“Ömrünün son saatlerinde Fatıma’ya (s.a) ben bakıyordum. Bir gün durumu biraz düzeldi ve kendini iyi hissetti. Emirü’l-Müminin Ali (a.s) bazı işler için dışarı çıkmıştı. Hz. Fatıma (s.a) gusül edip, bedenini yıkamak için benden bir miktar su istedi. Yardımımla ayağa kalktı, güzelce bir güsul etti ve elbiselerini değiştirdi, sonra benden yatağını evin ortasına sermemi istedi.
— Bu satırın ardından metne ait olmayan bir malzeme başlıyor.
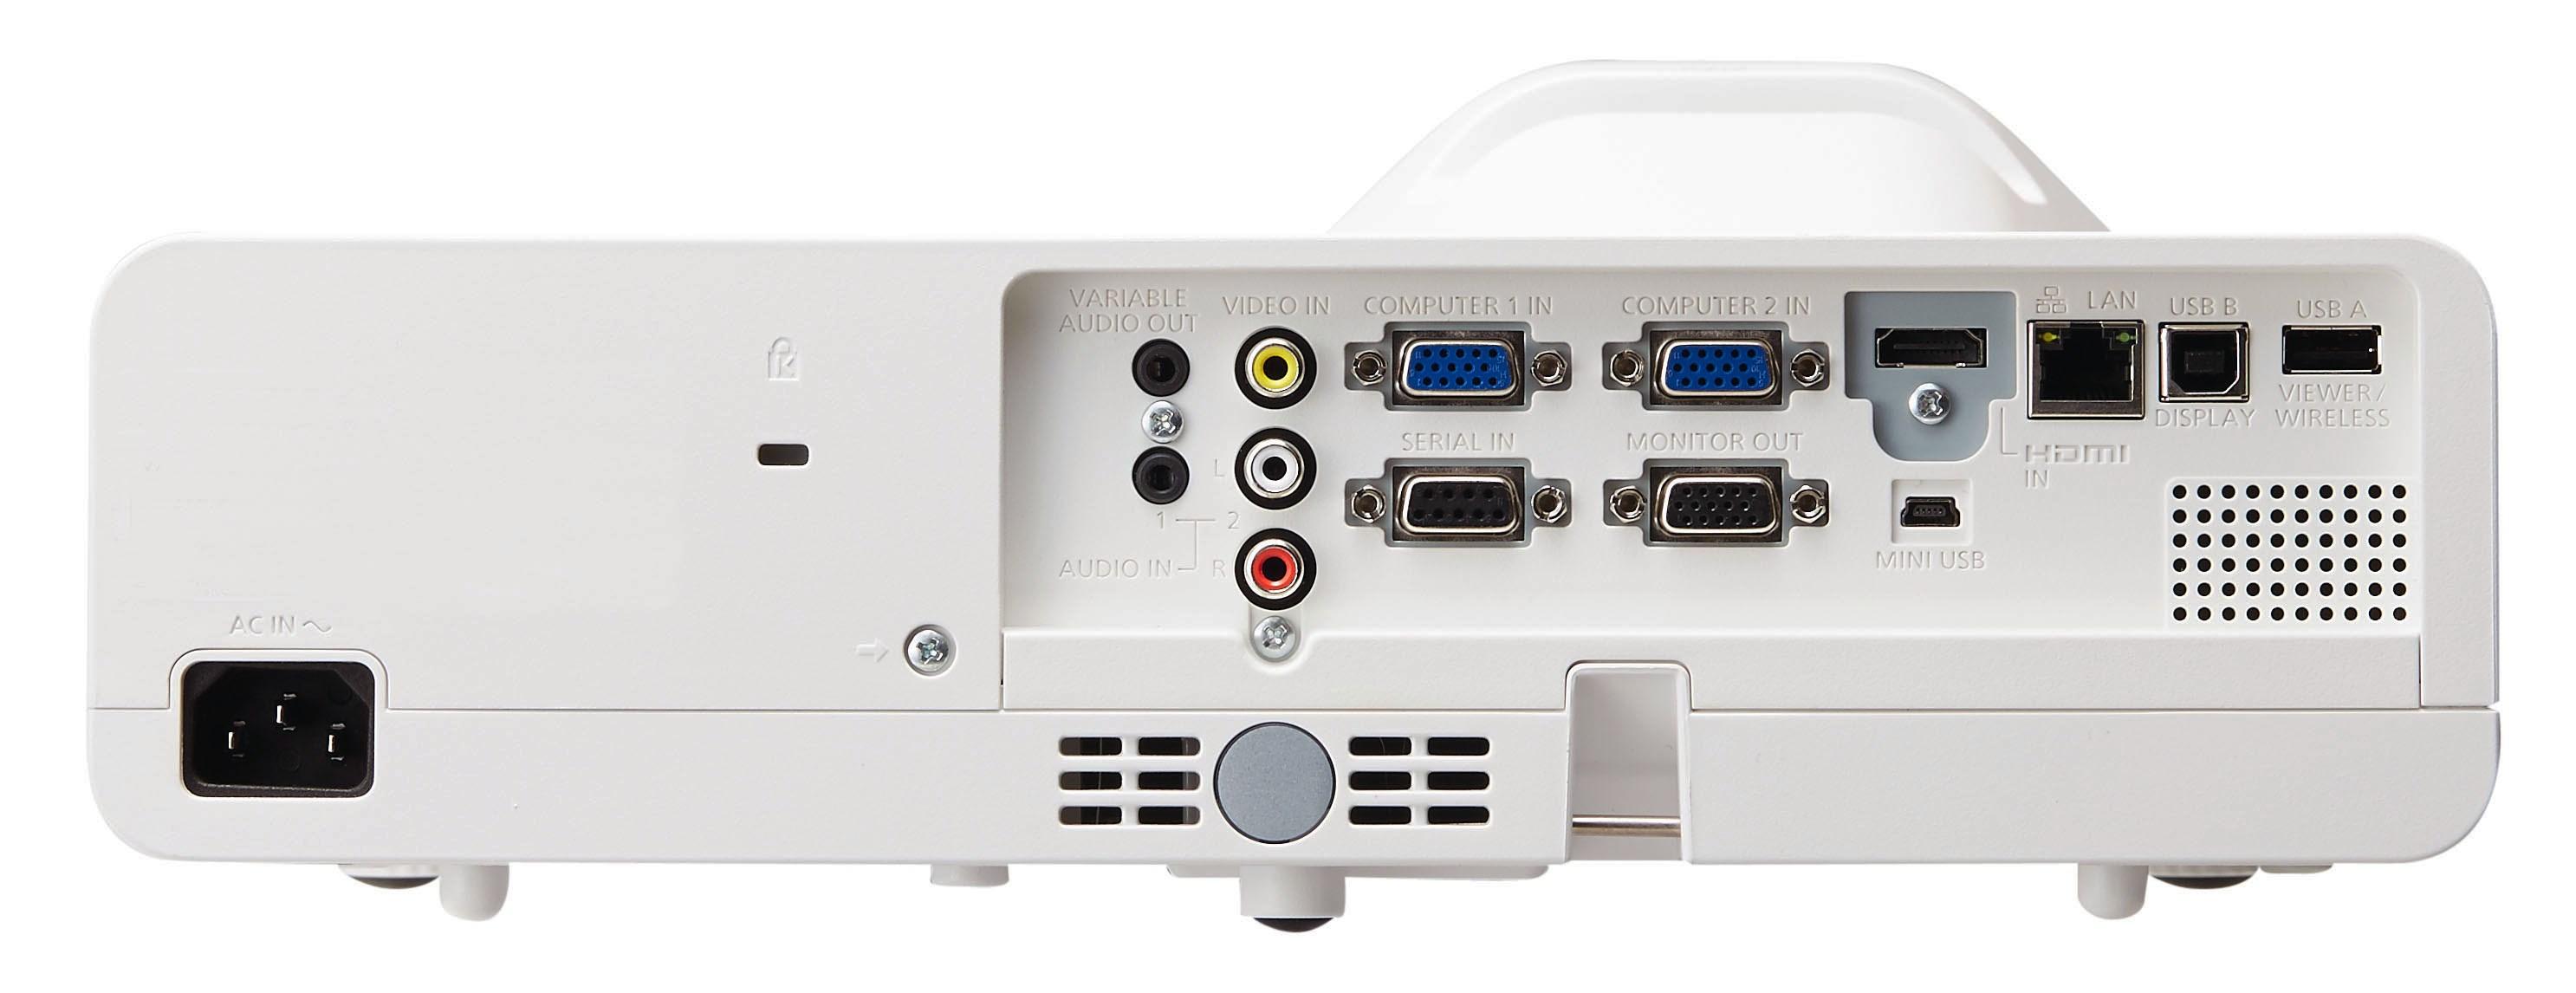 نمای پشت ویدئو پرژکتور های حرفه ای Short-Throw محصول کمپانی Panasonic ( پاناسونیک ) سری PT-TW351

Yüzü kıbleye dönük bir halde yatağa uzandı ve bana şöyle buyurdu: “Bu gün dünyadan göçeceğim, kendimi yıkadım, kimse üzerimi açmasın.” Sonra elini başının altına koydu ve o haliyle de dünyadan göçtü.
Rivayete göre Hz. Fatıma (s.a) akşam ve yatsı arasındaki bir saatte vefat etti. Ölüm anı iyice yaklaşınca sertçe şöyle bir baktı ve buyurdu:
”Selam olsun Cebrail’e, Selam olsun Resulullah’a! Allah’ım! Senin Resulünle birlikteyim, Allah’ım! Senin rıdvanında, dergâhında ve evindeyim ki senin evin esenlik evidir.”
Sonra orada hazır olanlara: “Acaba benim gördüğümü sizlerde görüyor musunuz?” buyurdu.
onlardan bazıları: “Ey Allah Resulünün (s.a.a) kızı! Ne görüyorsun?” diye arz ettiklerinde Hazret şöyle buyurdu: “Şimdi gökyüzü ehlini, kendi heyetleriyle birlikte görüyorum, Cebrail’i (a.s) ve Resulullah’ı (s.a.a) görüyorum, babam bana “Ey kızım! Yanımıza gel! Önünde olanlar (cennet nimetleri ve Allah’ın hoşnutluğu) senin için daha hayırlıdır.” buyuruyor.
Zeyd b. Ali (a.s) şöyle naklediyor:
“Hz. Fatıma (s.a) Peygamber’e (s.a.a), Cebrail’e (a.s) ve Azrail’e (a.s) selam verdi. Hazır olanlar meleklerin zarif seslerini işittiler ve kokuların en güzelini kokladılar.”